As recently as 1980, 89 per cent of all milk consumed by British households was delivered by a milkman.
Expansion of supermarket chains has all but made this job extinct, but looking back, we can see that the milkman was way ahead of his time, and not just because he used an electric vehicle.
So how does this offer insight into today’s supply chain issues, and what can we learn from the past?
Amazon and the rise of e-commerce
Milkmen offered a daily order form that could be left on the doorstep and fulfilled the next day. The modern interpretation might be e-commerce
According to IMRG Capgemini eRetail Sales Index, e-commerce in the UK was worth £133bn in 2016. They predict the industry will grow another 14% in 2017. In this space, Amazon continues to go from strength to strength—innovating and dominating at breakneck pace.
Amazon’s UK services (warehouse and logistics) employ more than 15,000 people with more to follow. New warehouses are being commissioned that will take their count to 15 across the UK.

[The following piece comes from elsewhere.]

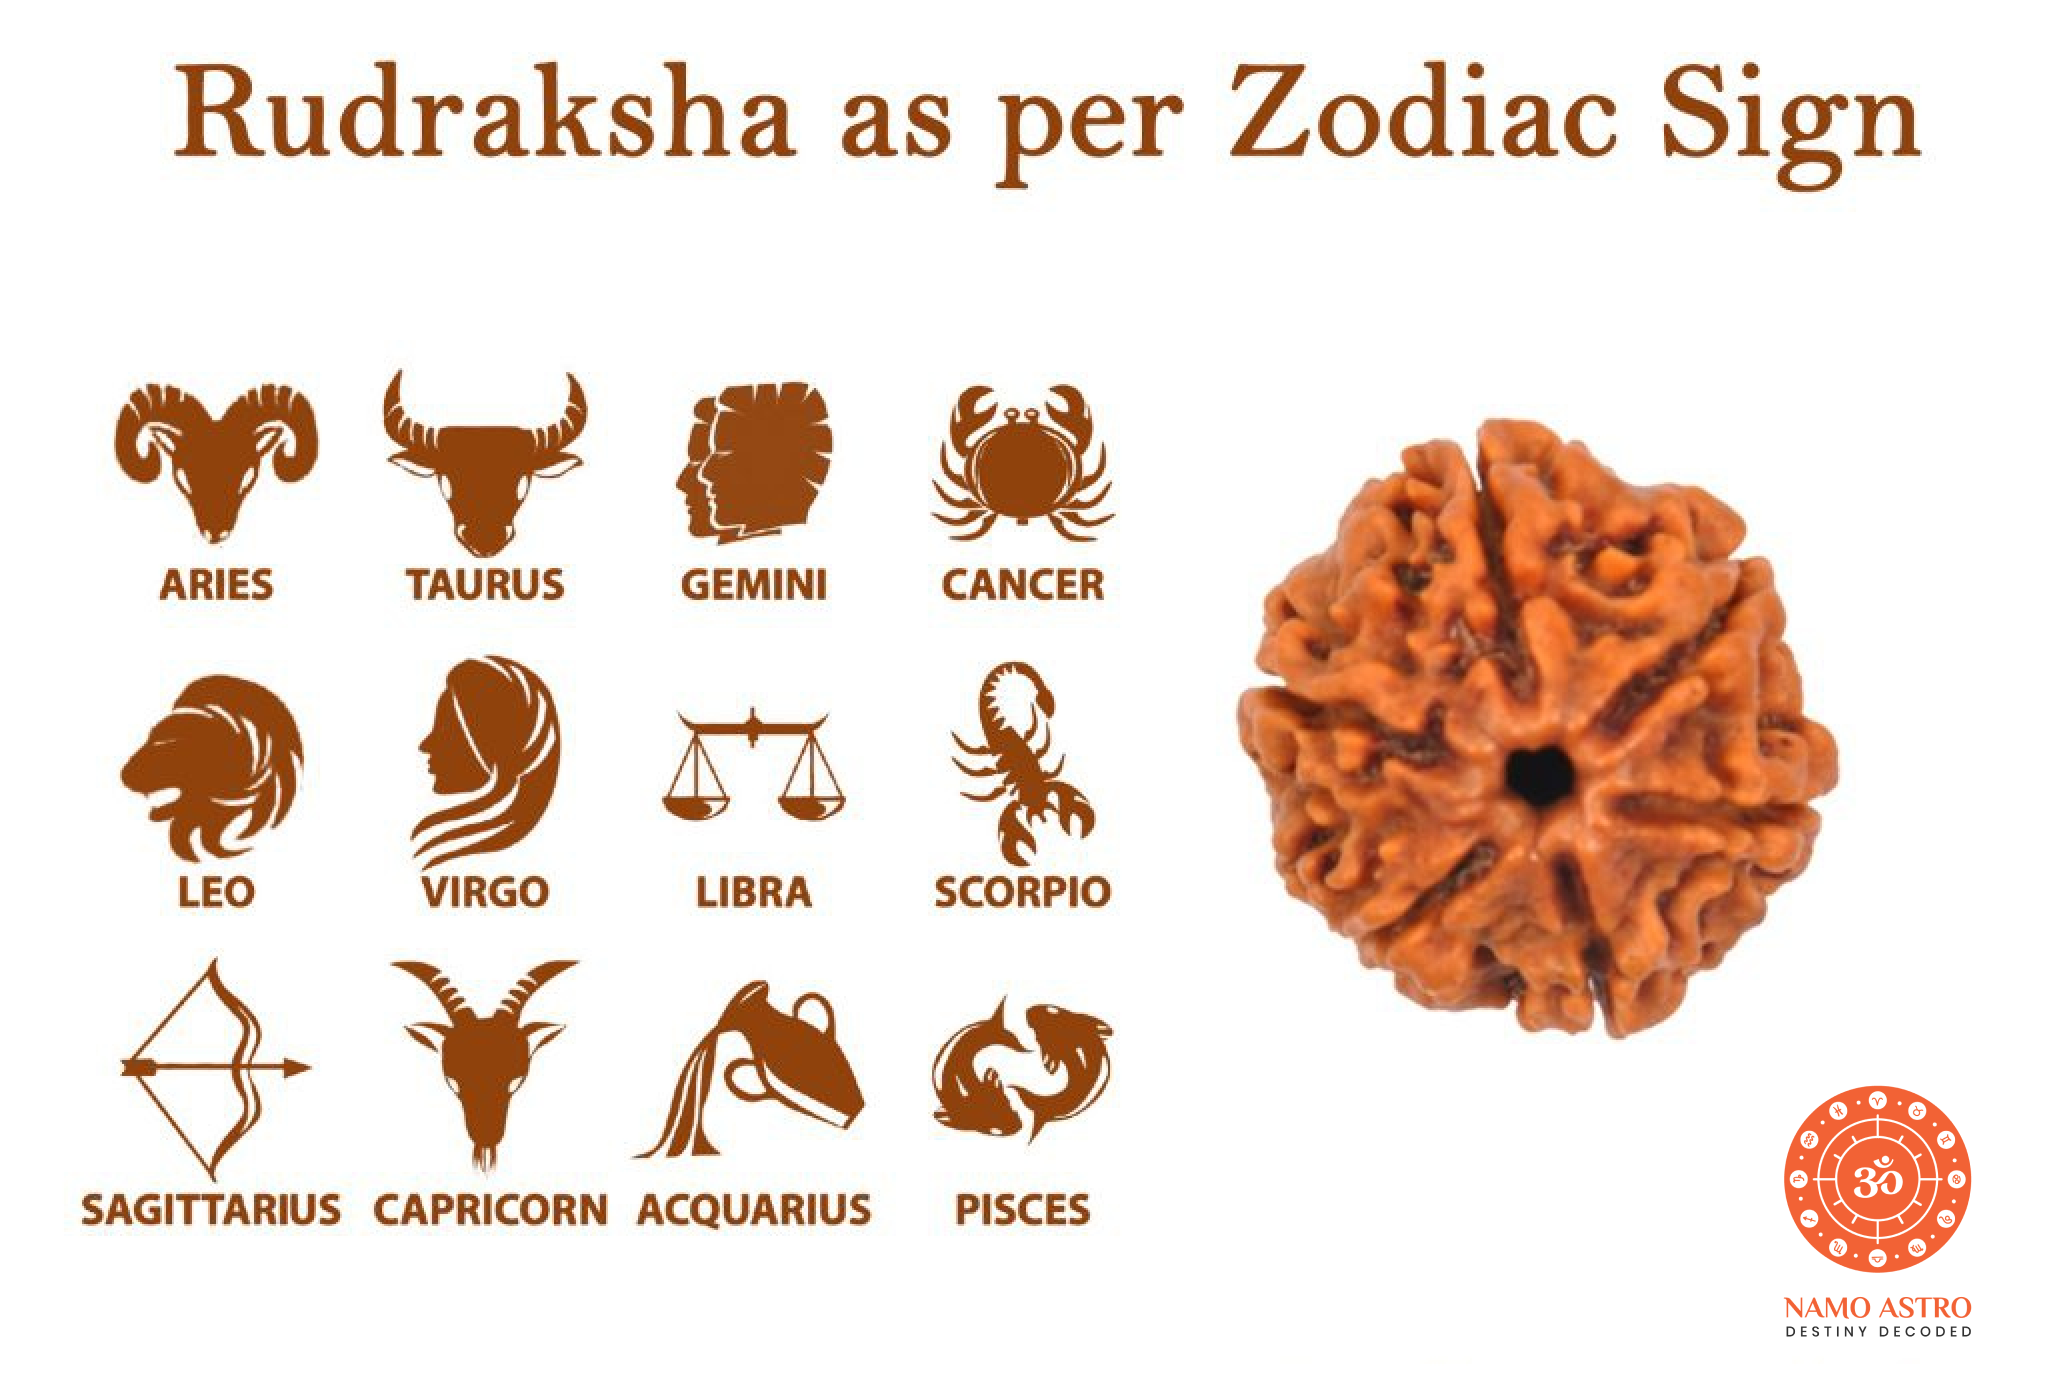 Choose Your Rudraksha According to Your Zodiac Sign

Multi-channel retailers are also seeking to expand their share of the e-commerce market. Sainsbury’s acquisition of Argos points to a strategy where e-commerce capabilities are an essential component.
Boohoo, ASOS and AO are all pure play Etailers originating in the UK with aspirations for international growth and are taking steps to make that a reality through a combination of buying existing businesses or simply entering new territory organically.

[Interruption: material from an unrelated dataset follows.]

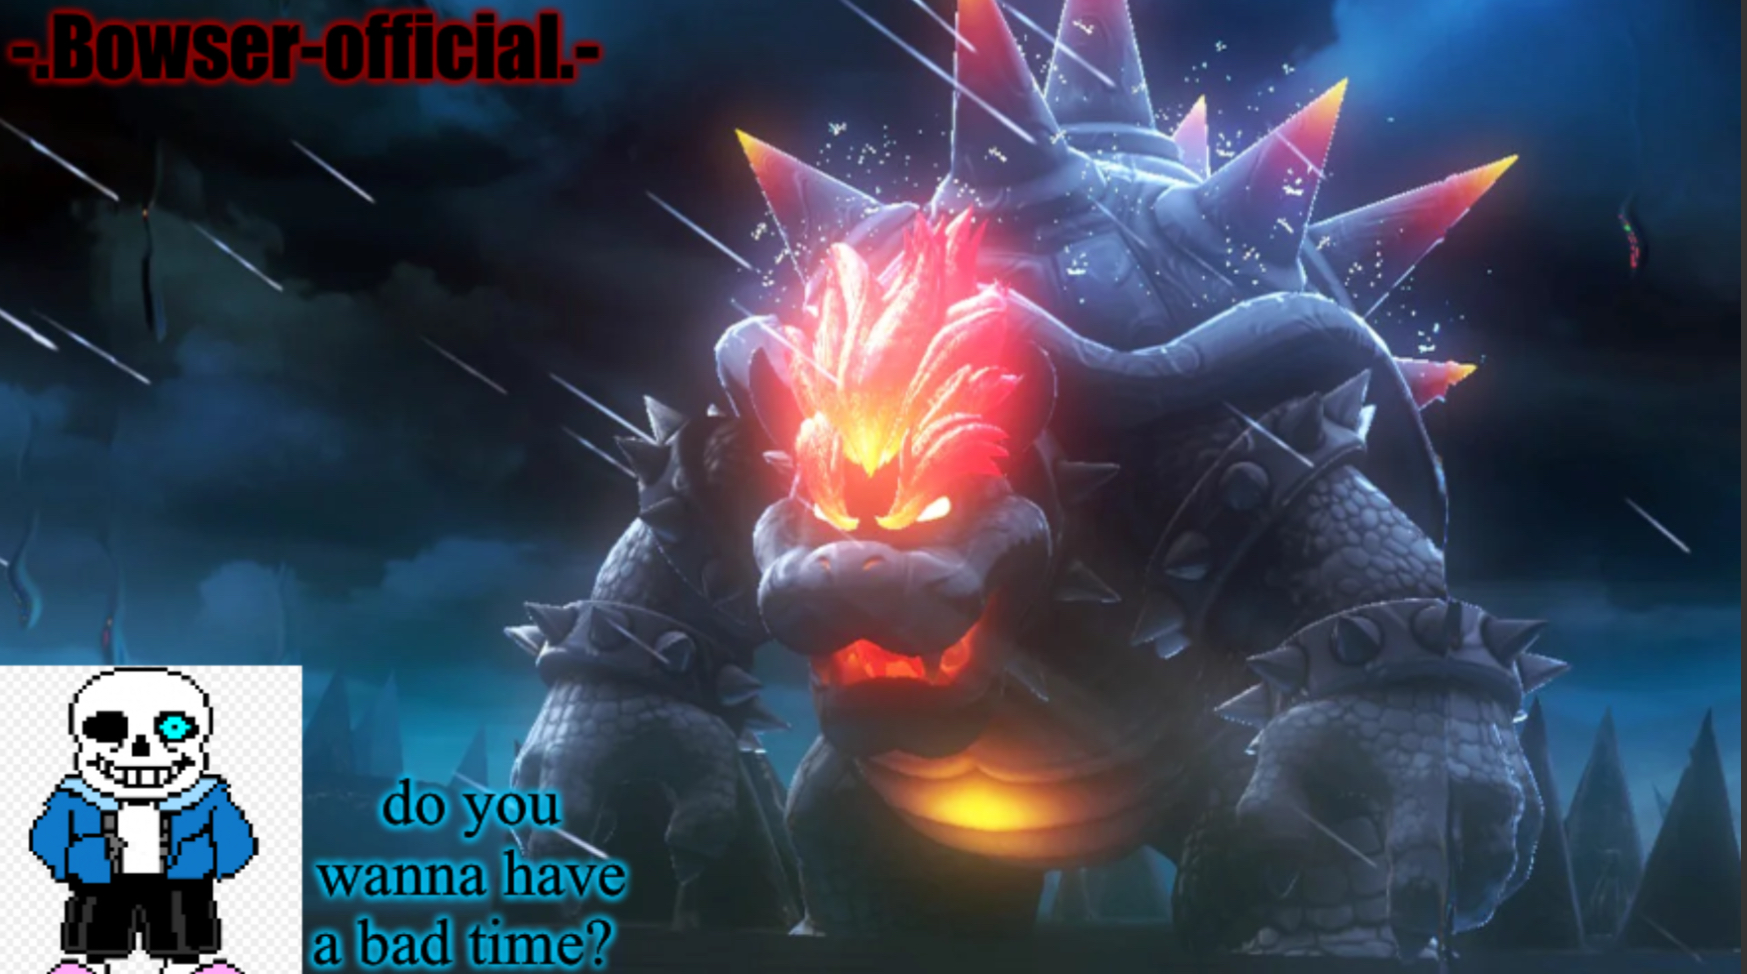 High Quality Bowser-official template Blank Meme Template

It would seem the rise of e-commerce continues and is gaining strength. Is this a bad thing?
Reverberations down the supply chain
The electric milk float was an iconic source of delivery. It was the trusted option for delivering of variety of goods and represented a ‘personal touch’ to delivery service but it was often a frustration to other road users as it clogged local arteries.

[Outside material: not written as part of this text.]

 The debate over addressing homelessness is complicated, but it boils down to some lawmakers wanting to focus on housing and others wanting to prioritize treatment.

Click & Collect options have improved the experience of consumers and reduced the volume of parcels going to couriers.
DPD recently announced their UK trading results, which show more success with sales of £806.1m and pre-tax profits £130.9m—a company well placed to capitalise on the growing e-commerce market.
The corollary of this must be more parcels on the move from multiple despatch points across the UK to literally millions of homes—delivered by traditional couriers like DPD and lifestyle couriers who use their own vehicles to make the same deliveries.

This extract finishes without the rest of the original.